> [What is expected]:
Word for word, output every line of the material below, minus pictures.

> [Source data]:
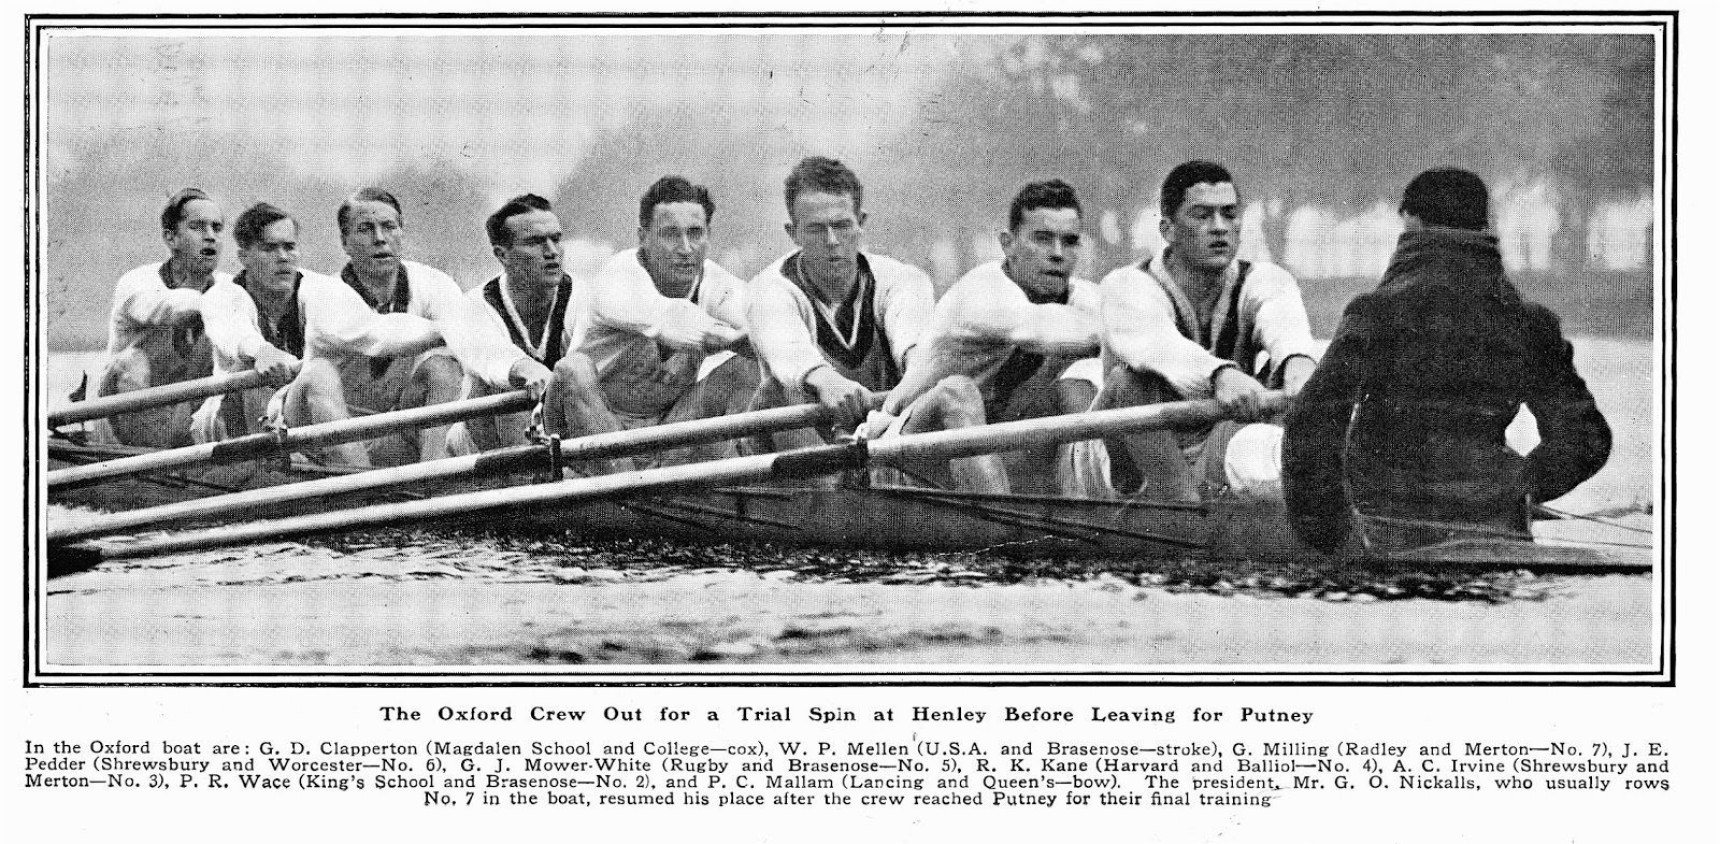 A photo from the 1923 Oxford vs Cambridge Boat Race
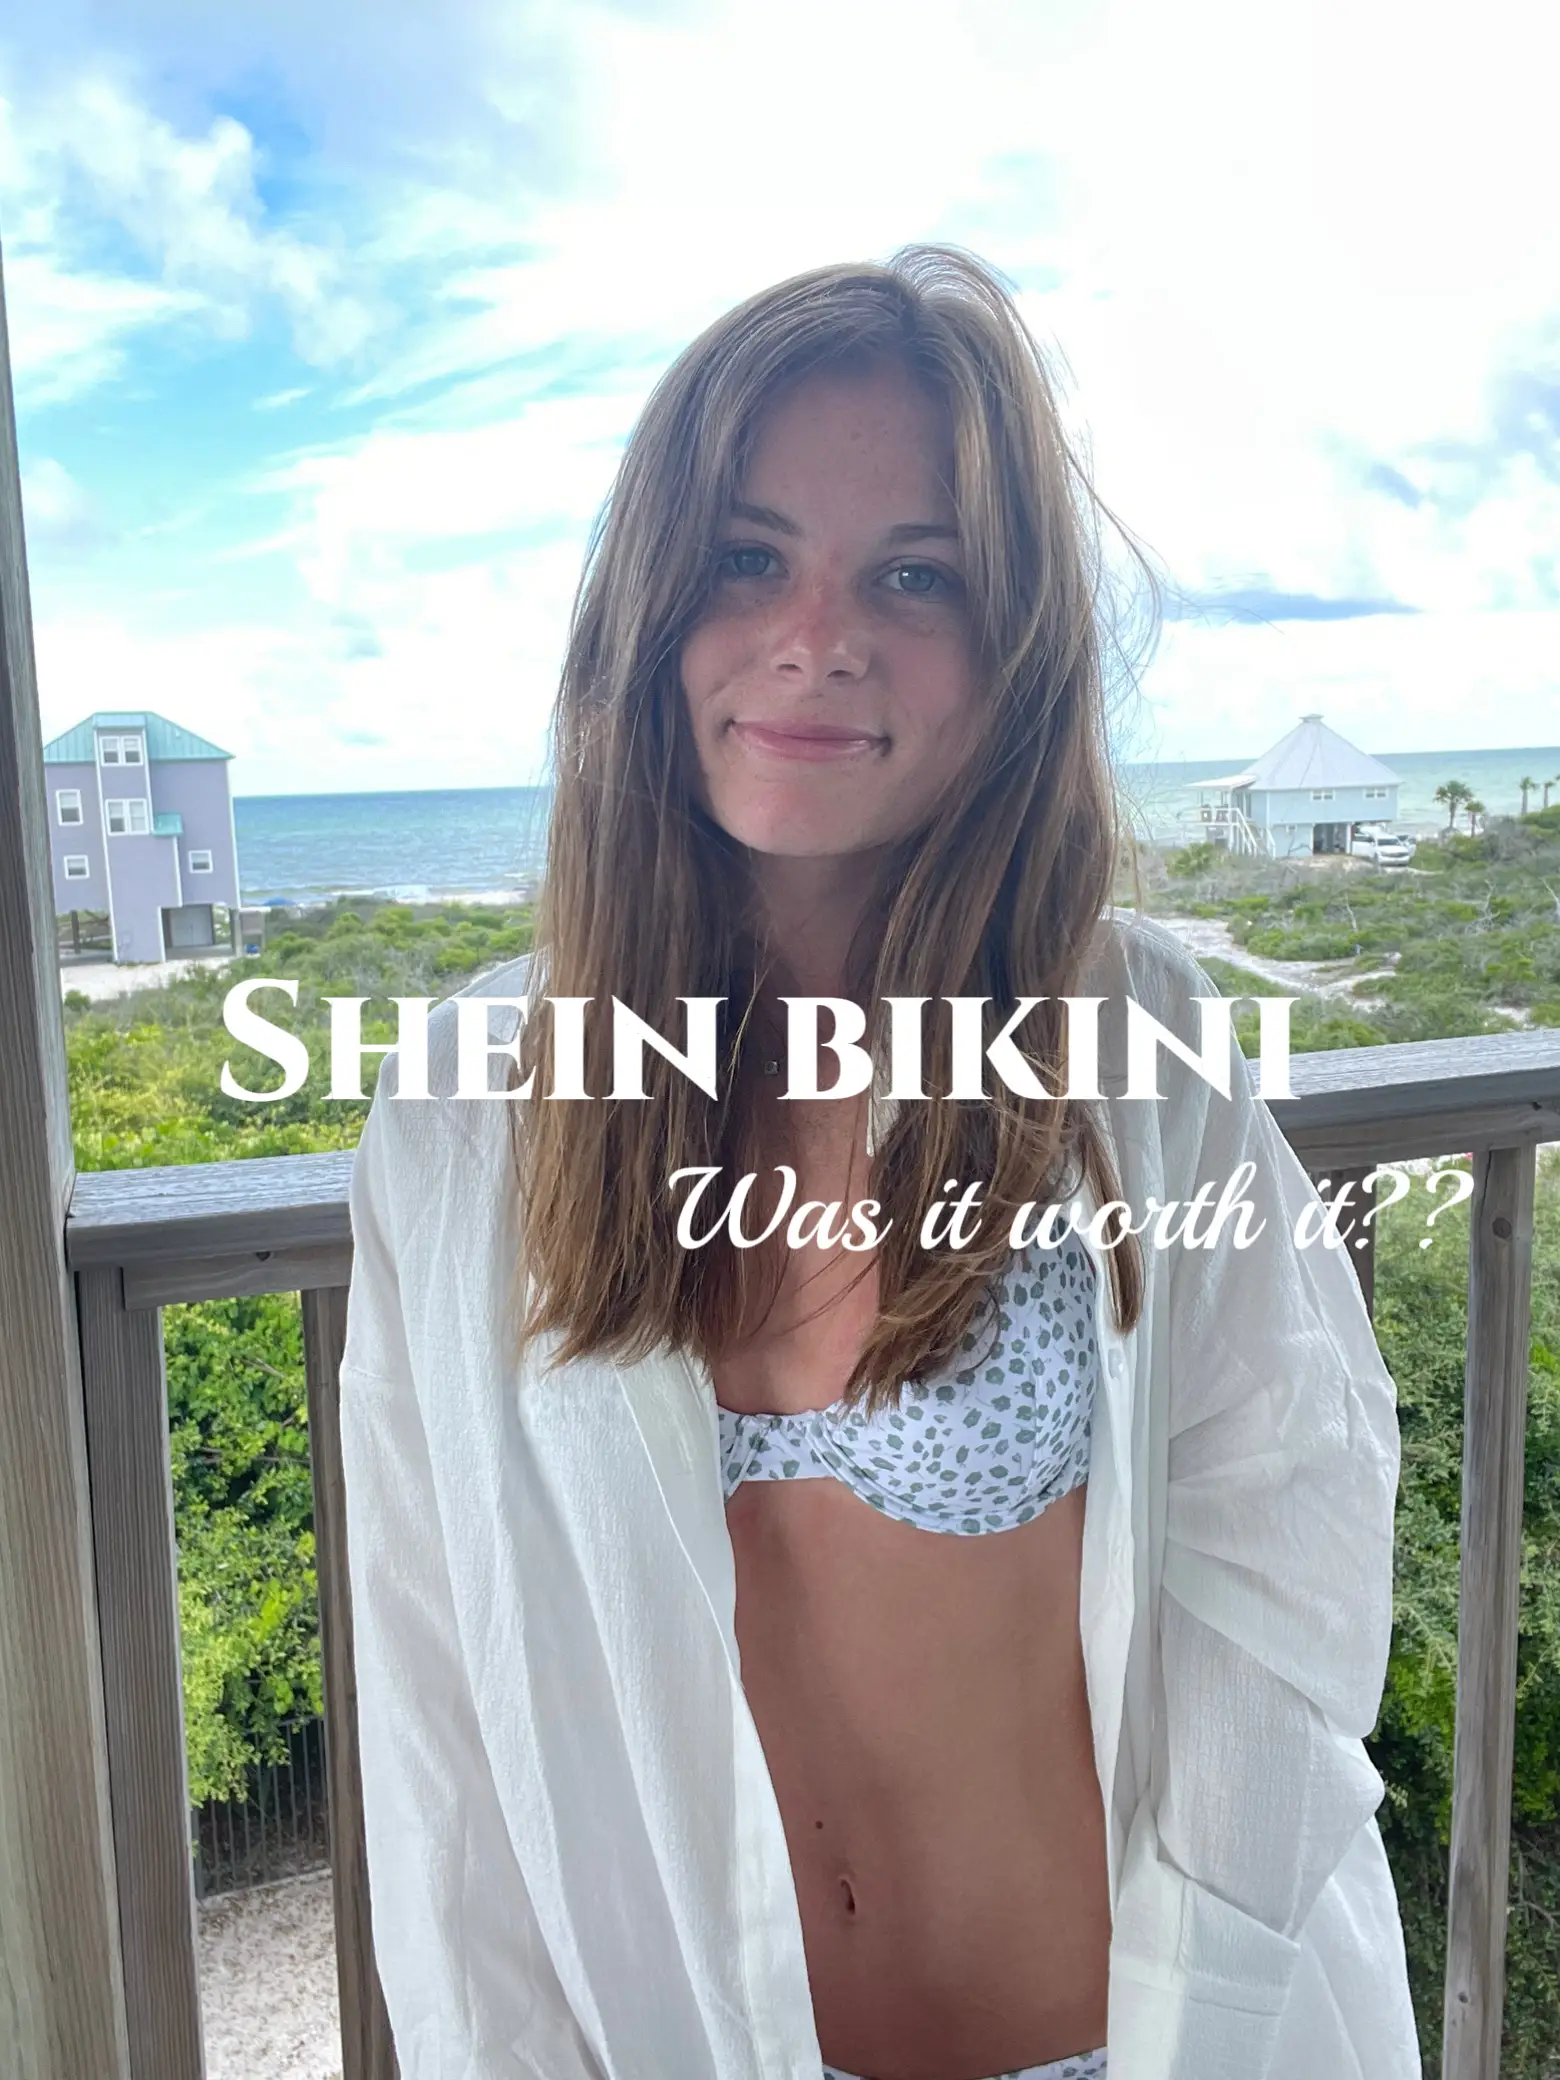 SHEIN Bikini Try On Haul 💕, Gallery posted by Becca.scully
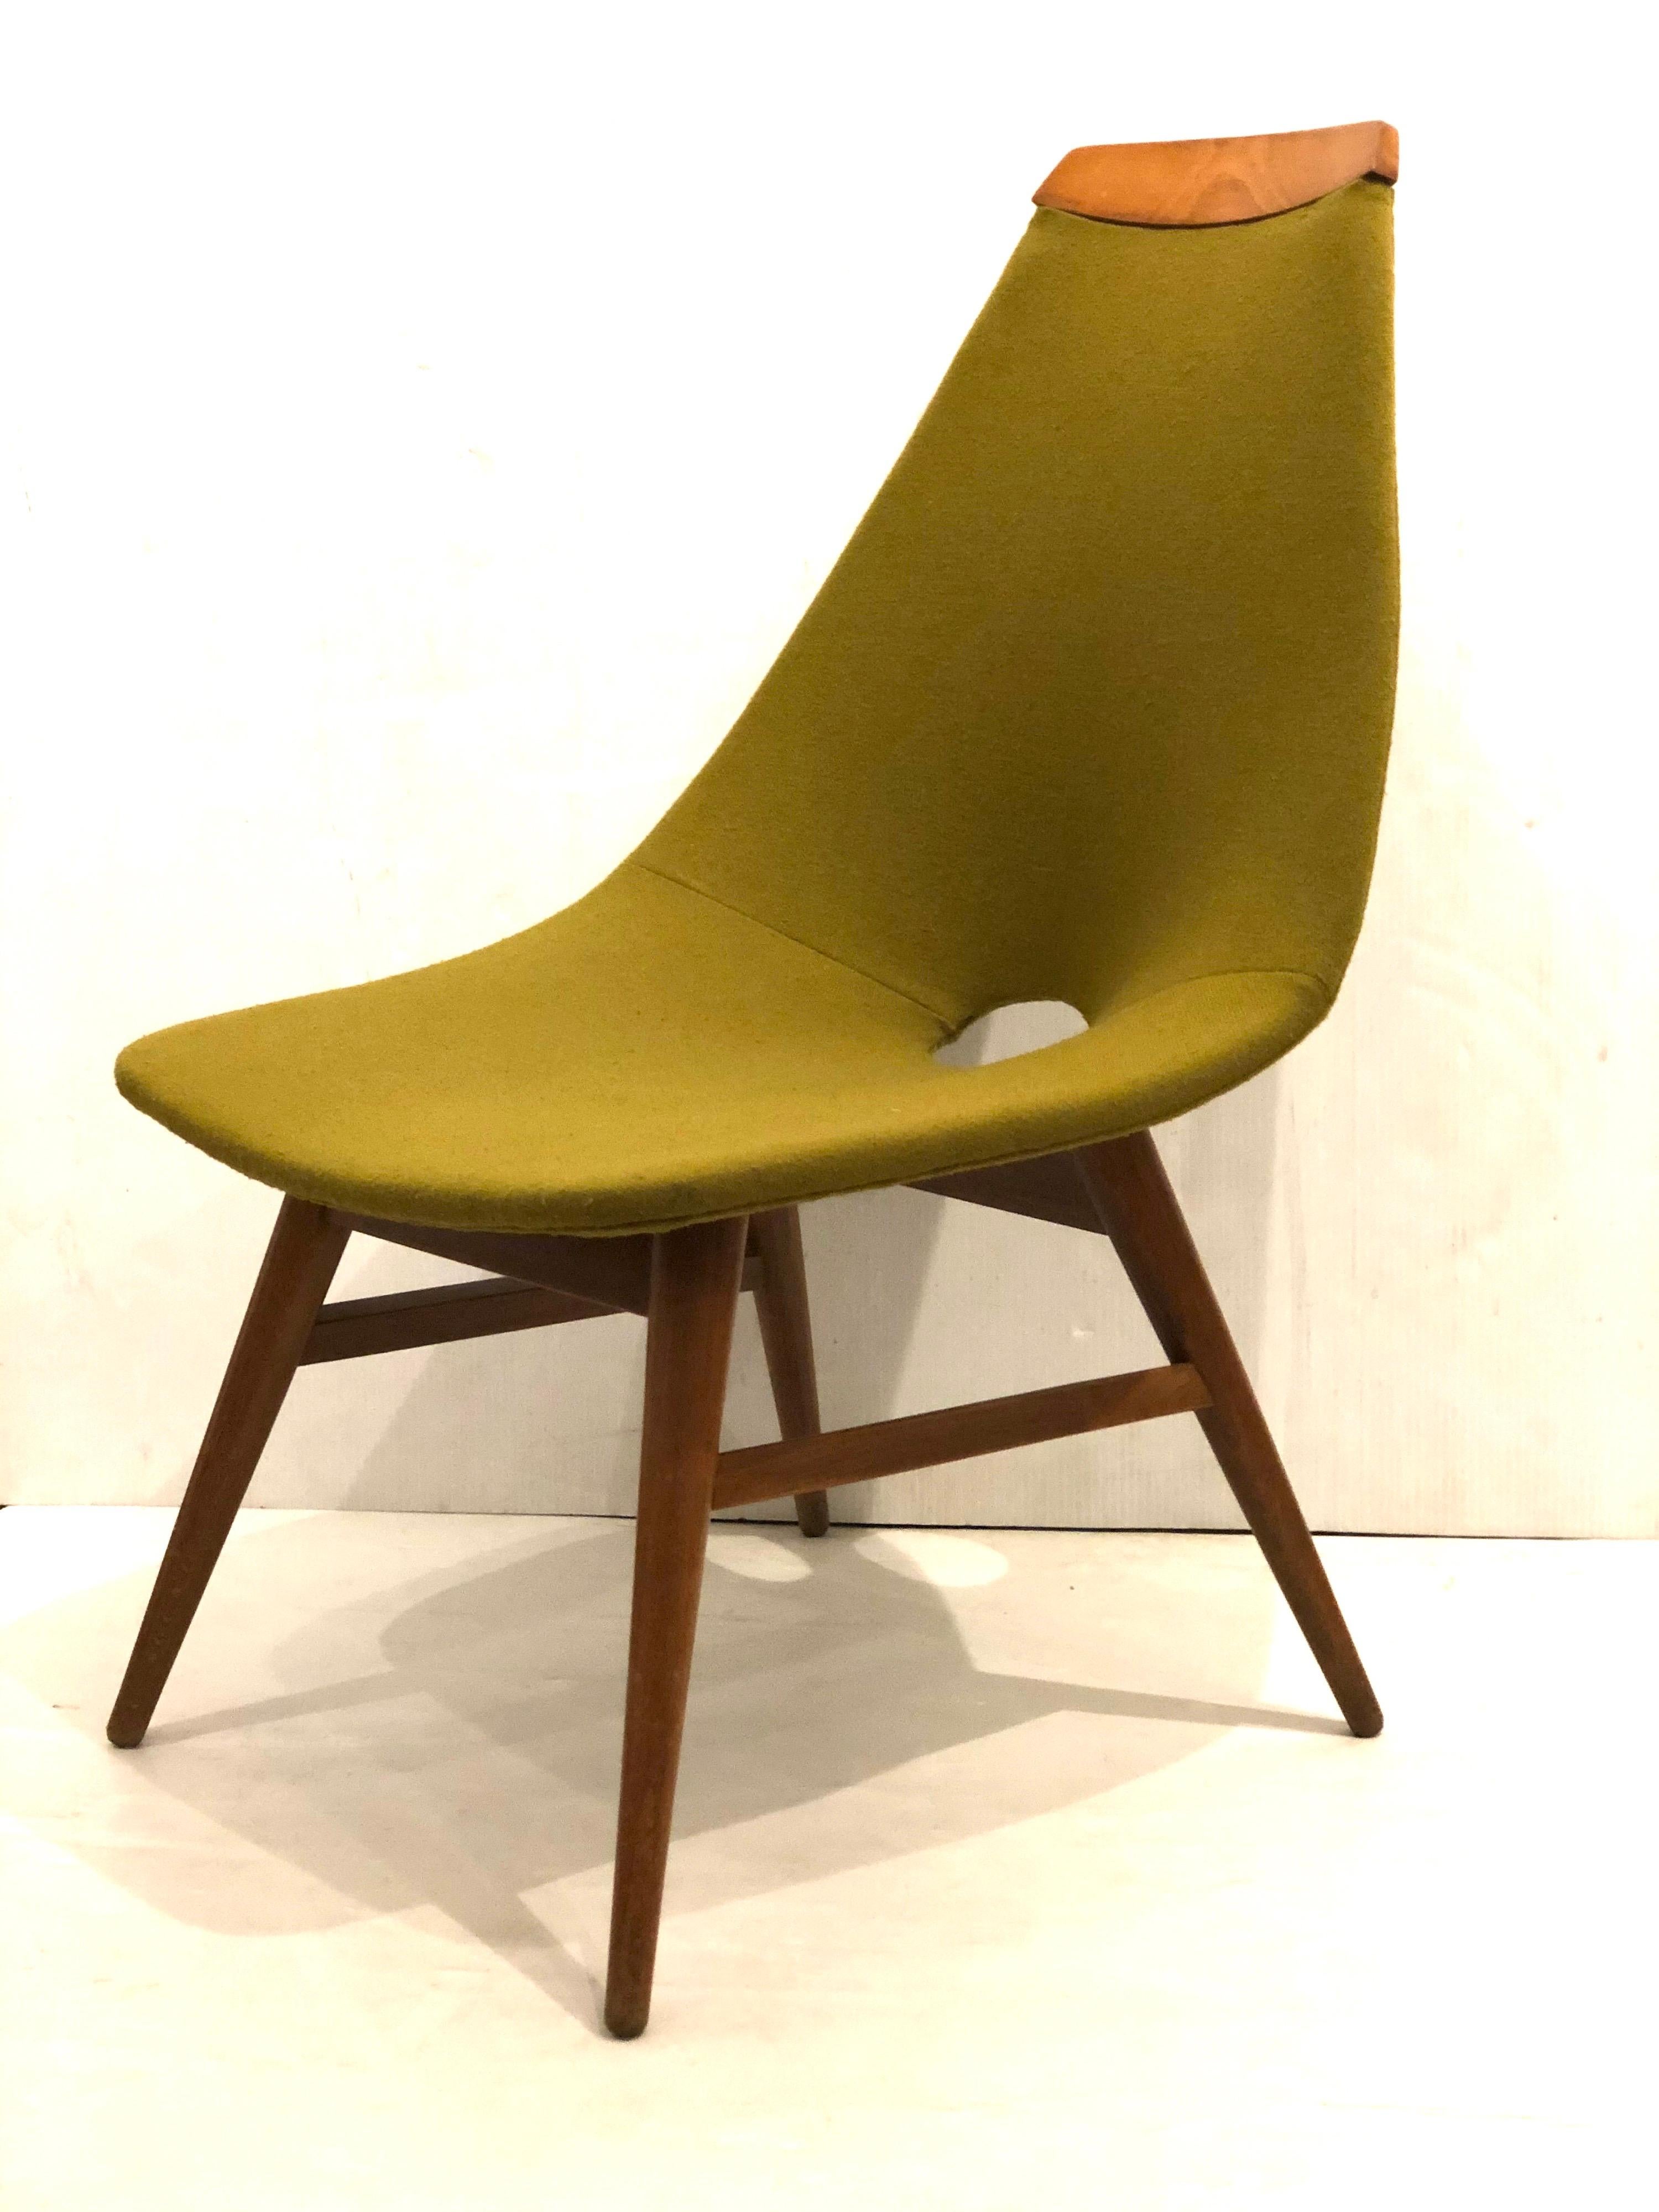 Burian Judit, Hungarian origin interior designer was inspired by the Scandinavian design of the 1950s. She designed the Erika chairs in 1959. A very elegant and comfortable petit model. The ashwood frame and the original green colored fabric.
 

> [Answer for the task]:
 A photo from the 1923 Oxford vs Cambridge Boat Race
 SHEIN Bikini Try On Haul 💕, Gallery posted by Becca.scully
 Burian Judit, Hungarian origin interior designer was inspired by the Scandinavian design of the 1950s. She designed the Erika chairs in 1959. A very elegant and comfortable petit model. The ashwood frame and the original green colored fabric.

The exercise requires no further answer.